Nel dibattito pubblico, in relazione al clima e alle temperature, si alternano due posizioni opposte. Da un lato c’è chi minimizza quanto sta accadendo. Dall’altro che c’è chi si dichiara molto allarmato dagli effetti dei cambiamenti climatici. Come approcciarsi al tema?

“L’atteggiamento corretto è nel mezzo. Se guardiamo i dati storici sulla temperatura notiamo un trend evidente e significativo che segnala la presenza di cambiamento climatico. La stima del tasso di variazione della temperatura media è di +0.39 ogni dieci anni a partire dal 1981. Vediamo chiaramente come la temperatura media stia aumentando, e così le minime e le massime.

Il trend più significativo riguarda le estati, con +0.6 ogni dieci anni. Dunque il segnale c’è, soprattutto se guardiamo agli indici legati agli estremi di caldo. A partire dal Duemila le differenze tra gli indici estremi e il valore medio sono spesso superiori alla media. A partire dal 2022 questi valori estremi hanno infine toccato il valore record.

Chiaramente fare allarmismo e dire che stiamo tutti morendo non è la soluzione. Ma non si possono ignorare i segnali. L’importante è sapere che qualcosa si può fare, iniziando con il rispettare gli accordi per la riduzione delle emissioni.

Si parla tanto anche delle isole di calore urbano. Sappiamo bene che le nostre città amplificano gli effetti del cambiamento climatico e raggiungono temperature superiori a quelli delle aree rurali. Intervenire con progetti di riforestazione urbana sarebbe importante.

Ovviamente non sono d’accordo con i negazionisti perché i dati sono evidenti. Allo stesso tempo credo che l’allarmismo rischi di levare spazio agli interventi che si possono fare. Dobbiamo prendere consapevolezza di quanto sta accadendo e agire di conseguenza”.

Crede che le persone assumano più consapevolezza dei cambiamenti climatici in estate, quando le alte temperature impattano direttamente sulla loro vita?

“Gli effetti si vedono anche in inverno, quando fa troppo caldo e nelle aree di montagna non nevica. Anche perché se la neve è esigua diminuiscono anche le risorse idriche disponibili. Le persone che vivono di turismo di montagna, ad esempio, si accorgono bene del problema.

Quando poi accadono fenomeni avversi come gli alluvioni – penso all’Emilia Romagna, alle Marche e a Ischia – si torna a parlare di cambiamento climatico. Probabilmente però bisogna lavorare ancora molto per diffondere consapevolezza e favorire l’assunzione di comportamenti diversi e responsabili. Conoscendo quello che sta succedendo si deve agire, mettendo in sicurezza il territorio. Ma non solo: si può fare molto per favorire l’assunzione di una nuova mentalità da parte di tutti”.

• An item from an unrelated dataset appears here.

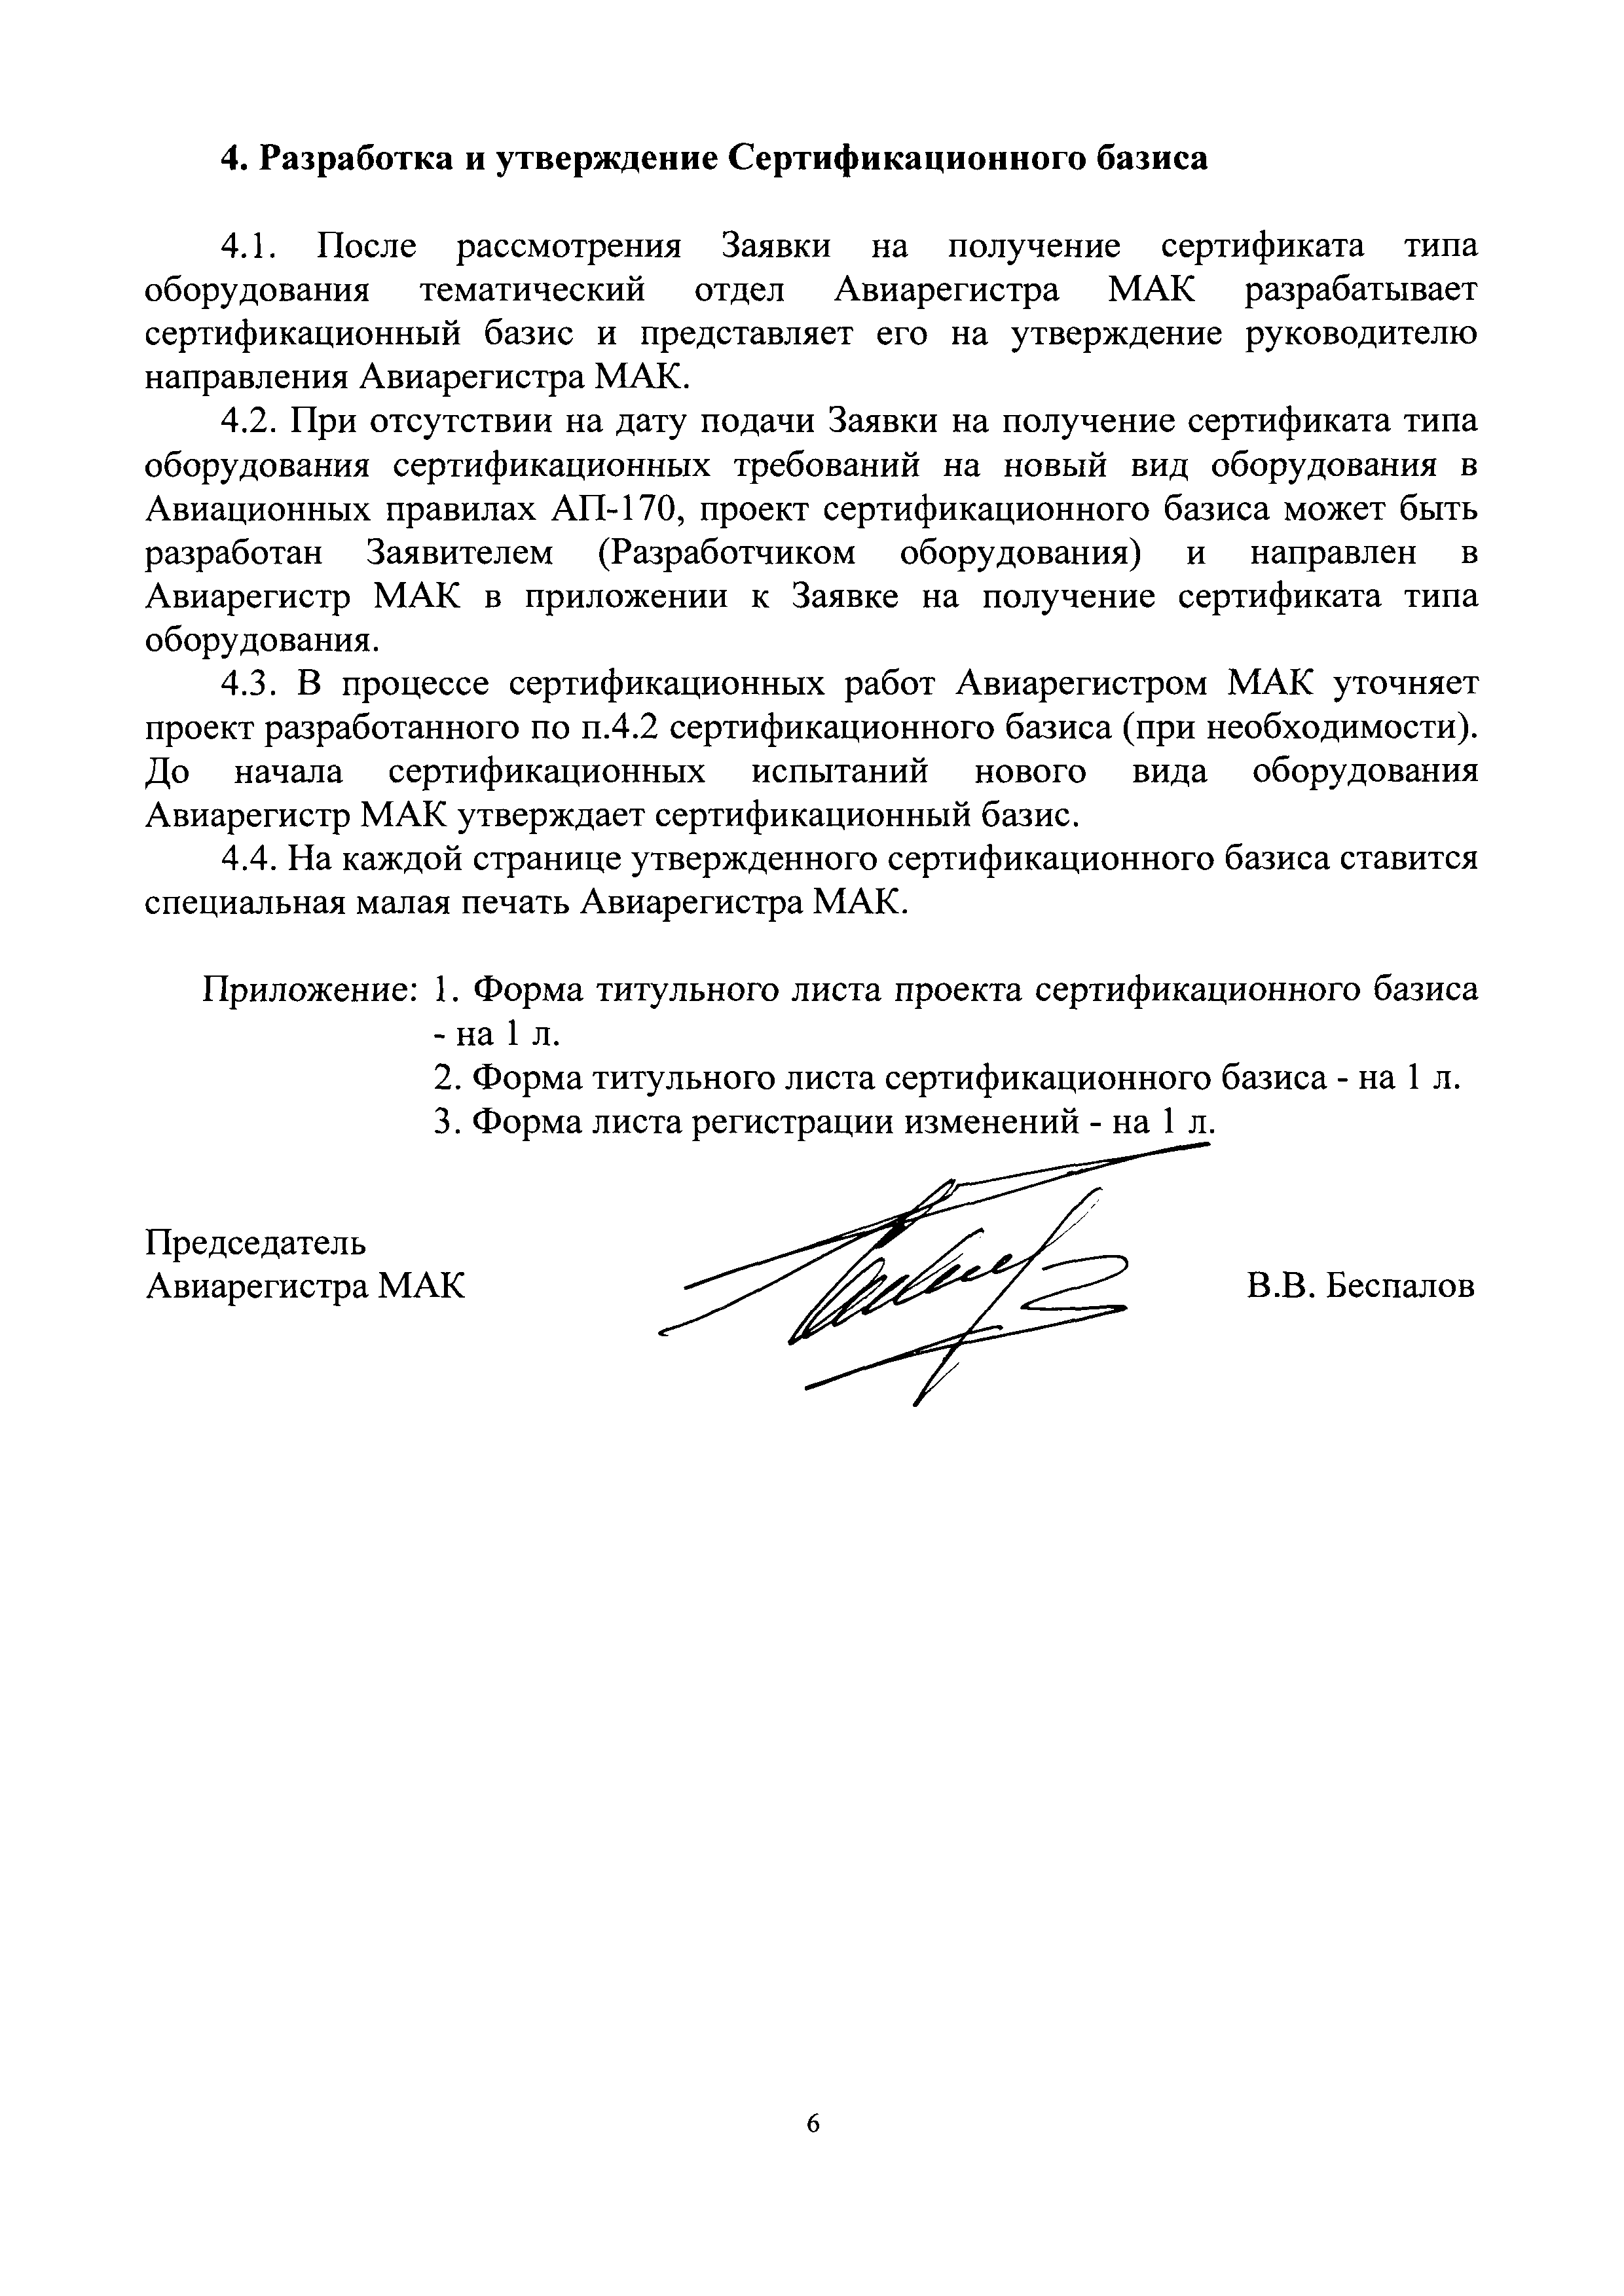 Директивное письмо 01-2017

Sono già disponibili alcune proiezioni per il 2023?

“Noi non effettuiamo collezione di dati in tempo reale, ma riceviamo dati mensili dalle reti di monitoraggio. Ad oggi, vedendo i dati fino a giugno, sappiamo che il 2023 è il quarto anno più caldo dal 1961. Una valutazione finale, tuttavia, si potrà fare solo a fine anno”.